5. Joan Rivers taking Lillian Garcia's place as RAW's ring announcer. As you know (or maybe you don't know...or, like me, care), Mrs. Rivers won Celebrity Apprentice after beating Annie Duke (who is one hot fox, if you ask me). But, why not, as the "Celebrity Apprentice" Joan's first job...be the ring announcer for America's number one show on Monday nights (or whatever the hell they put up in the weird "Did You Know" crap).
4. Change everything to solid gold. The ring, the entrance, the ring ropes, the barricades, the scaffolding, the screen, the announce tables, Jerry's crown, everything will have gold on it.
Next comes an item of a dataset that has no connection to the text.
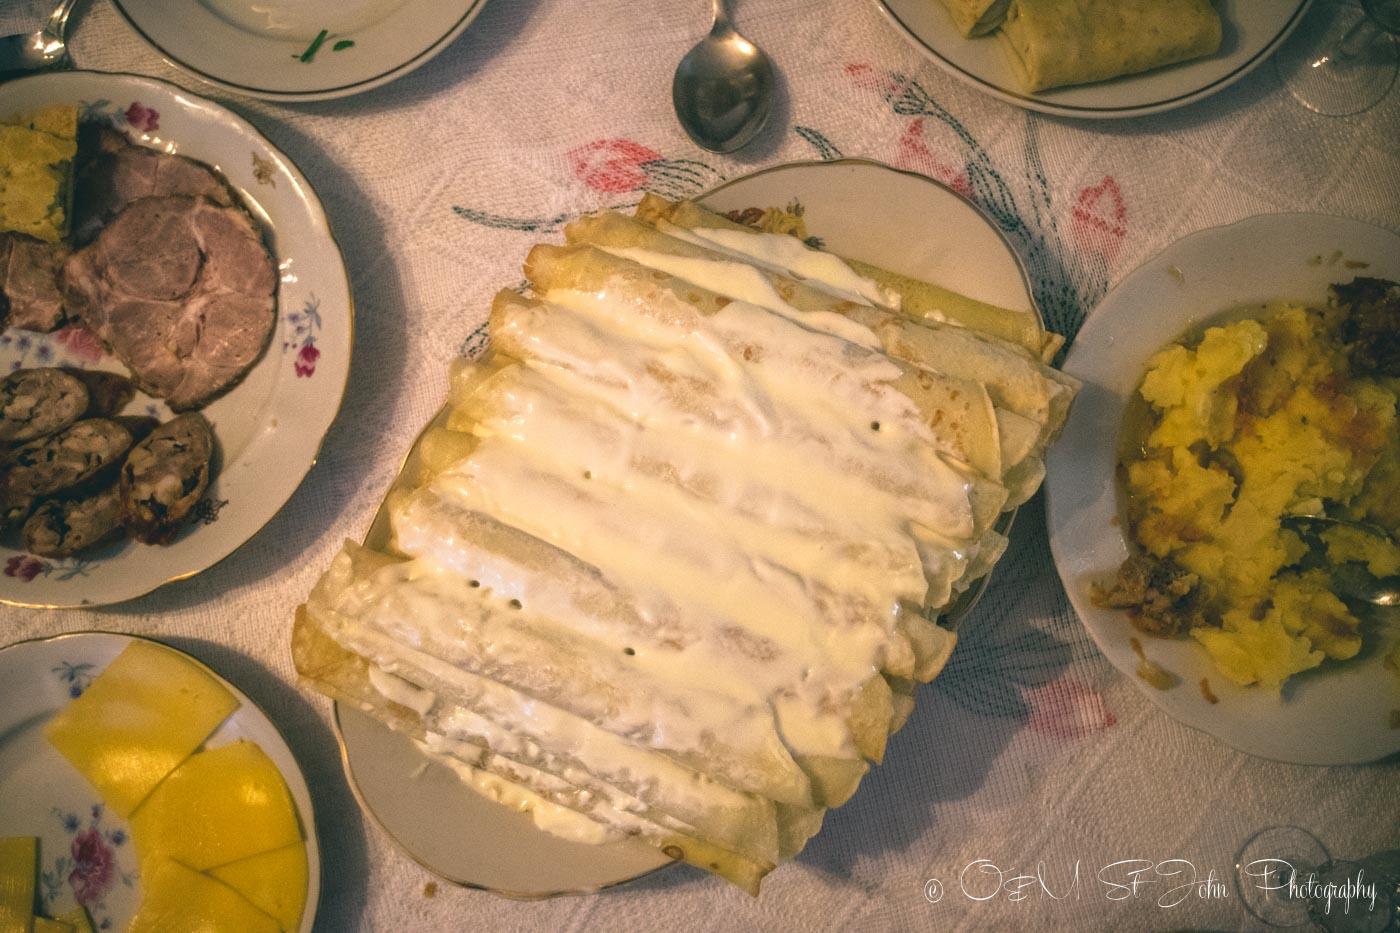 Blinchiki (Ukrainian pancakes) one of the must try dishes in Ukraine. Kiev

Why the hell not?
3. Have every wrestling event occur in a Trump Tower. Hell, TNA does it in one place all the time...Trump has a Trump Hotel/Plaza/Tower/Complex/Retirement Home/Beach/Planet in nearly every friggin' state, including Cuba and the Dominican Republic. So, why not?
2. RAW Apprentice. You take the people that don't matter on RAW. Your Chavoes, Nobles, and The Brian Kendrickes and have them do tasks to be The Don's right hand man and, for those who don't succeed....will, actually, be fired.
1. Force every RAW diva to be his wife for a week. Hell, Santina would be a step up from Ivanna Trump.